— Your task —
Your answer should hold exactly the lines below from the line with "相似三角形经典练习题(4套)附带答案" through the line with "Nieder Kostenz T-Shirt", both included, and no pictures at all.

— Dataset excerpts —
_____

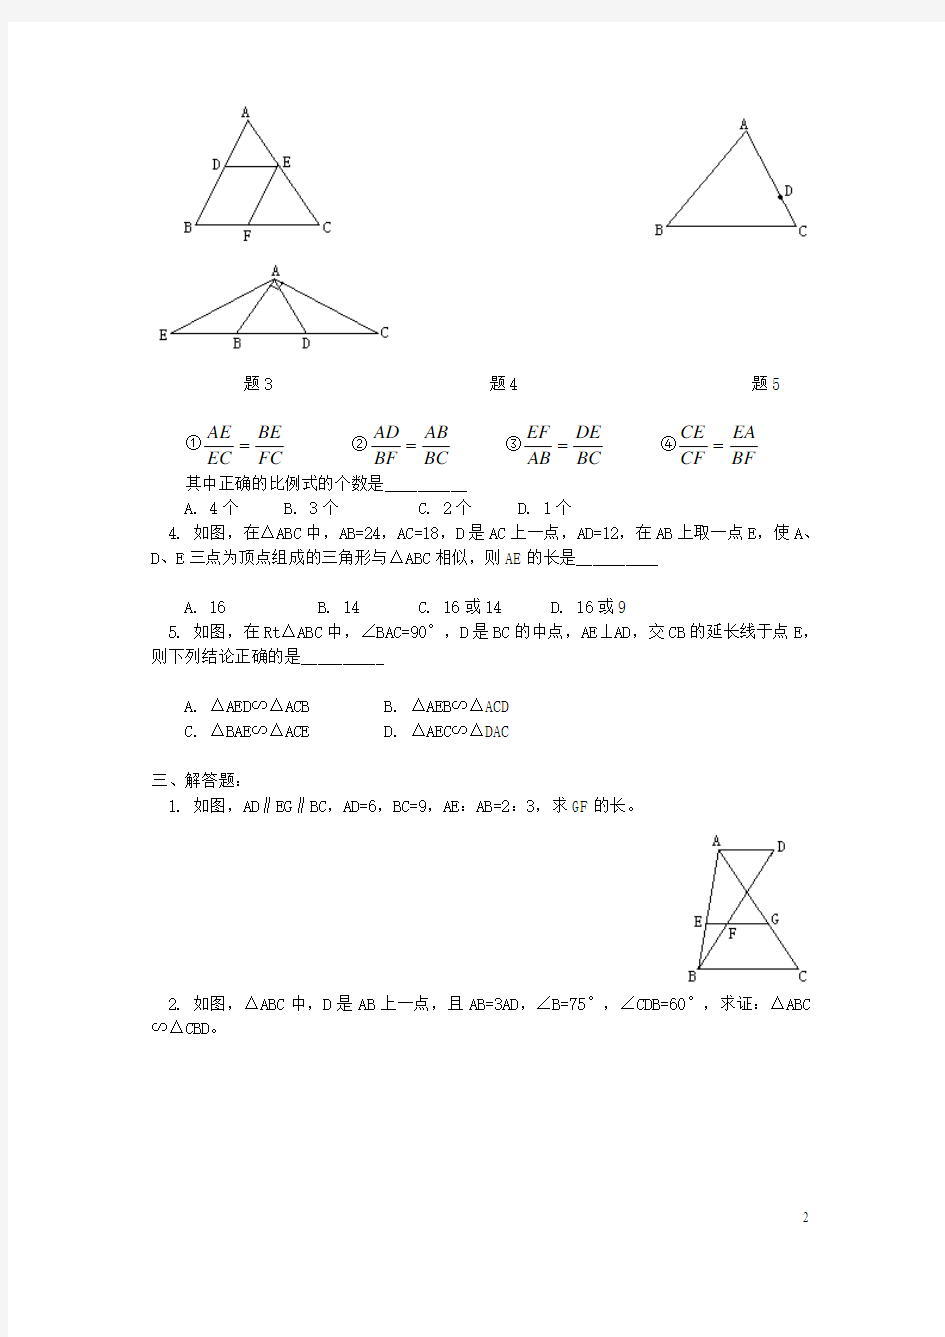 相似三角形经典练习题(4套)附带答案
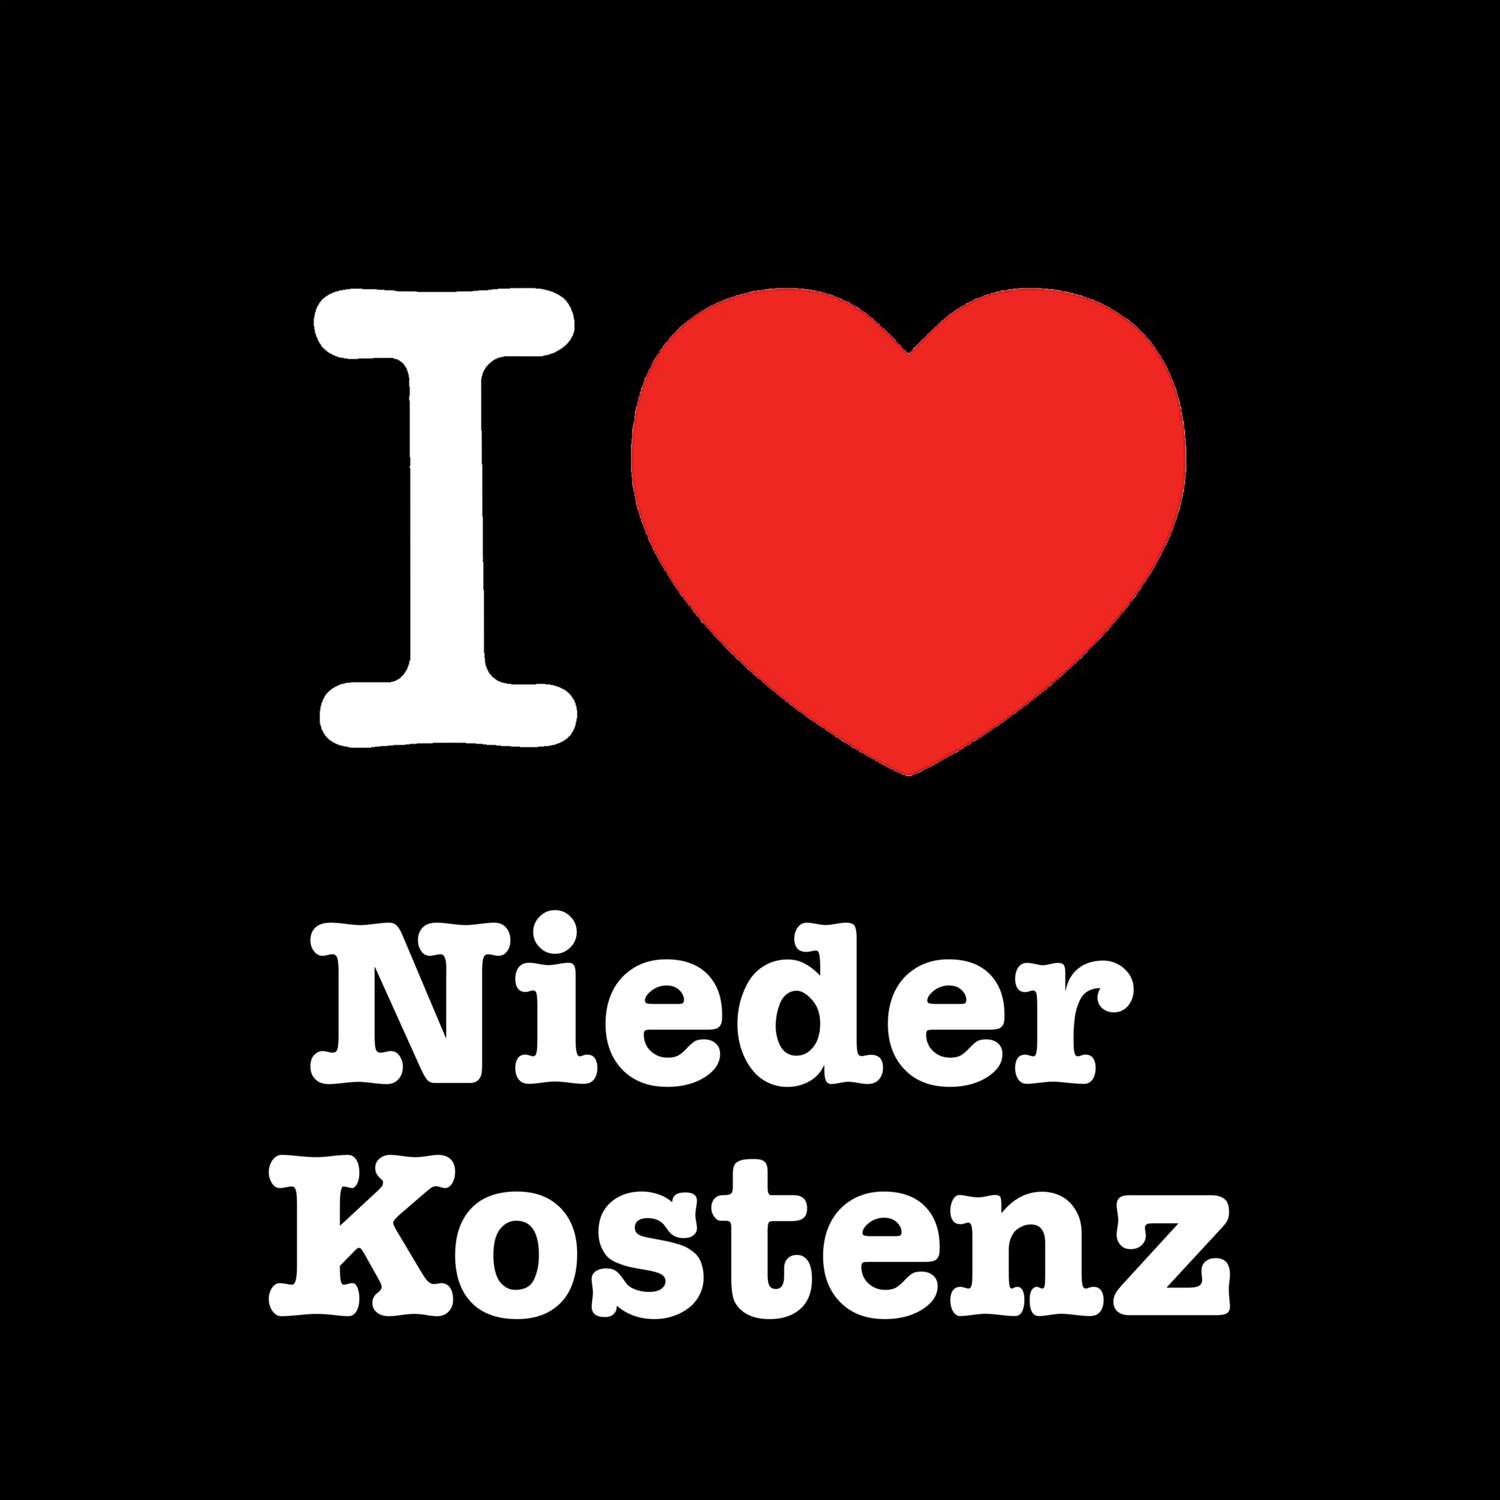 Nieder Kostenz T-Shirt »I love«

_____

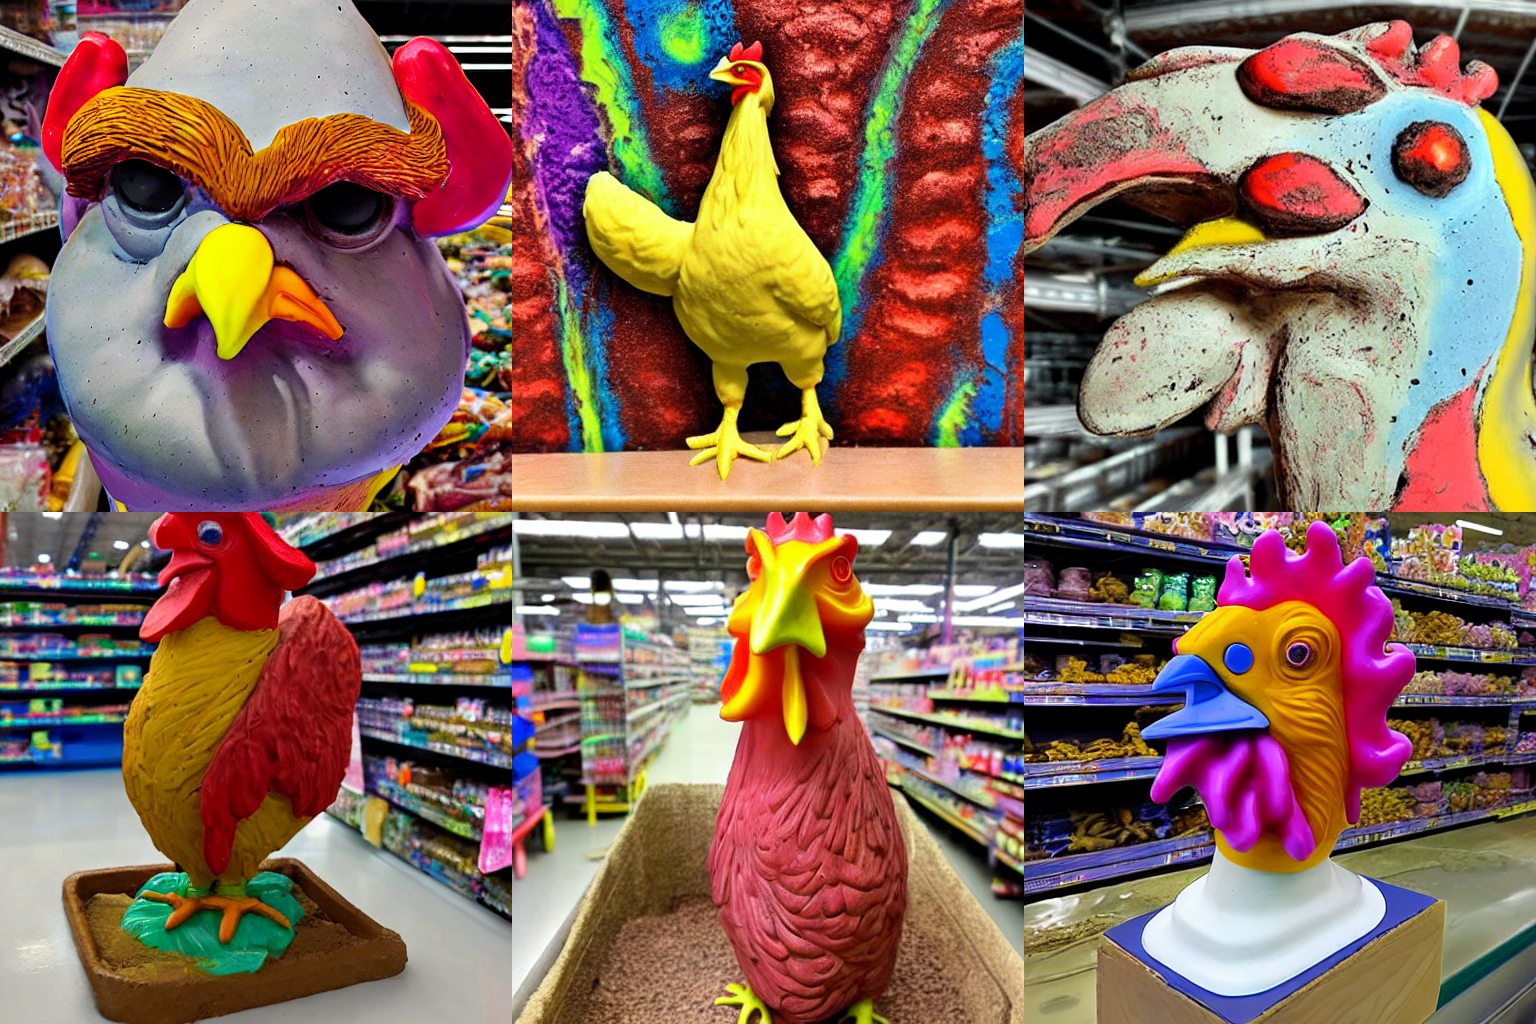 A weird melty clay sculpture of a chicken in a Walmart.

_____

— Output below —
 相似三角形经典练习题(4套)附带答案
 Nieder Kostenz T-Shirt »I love«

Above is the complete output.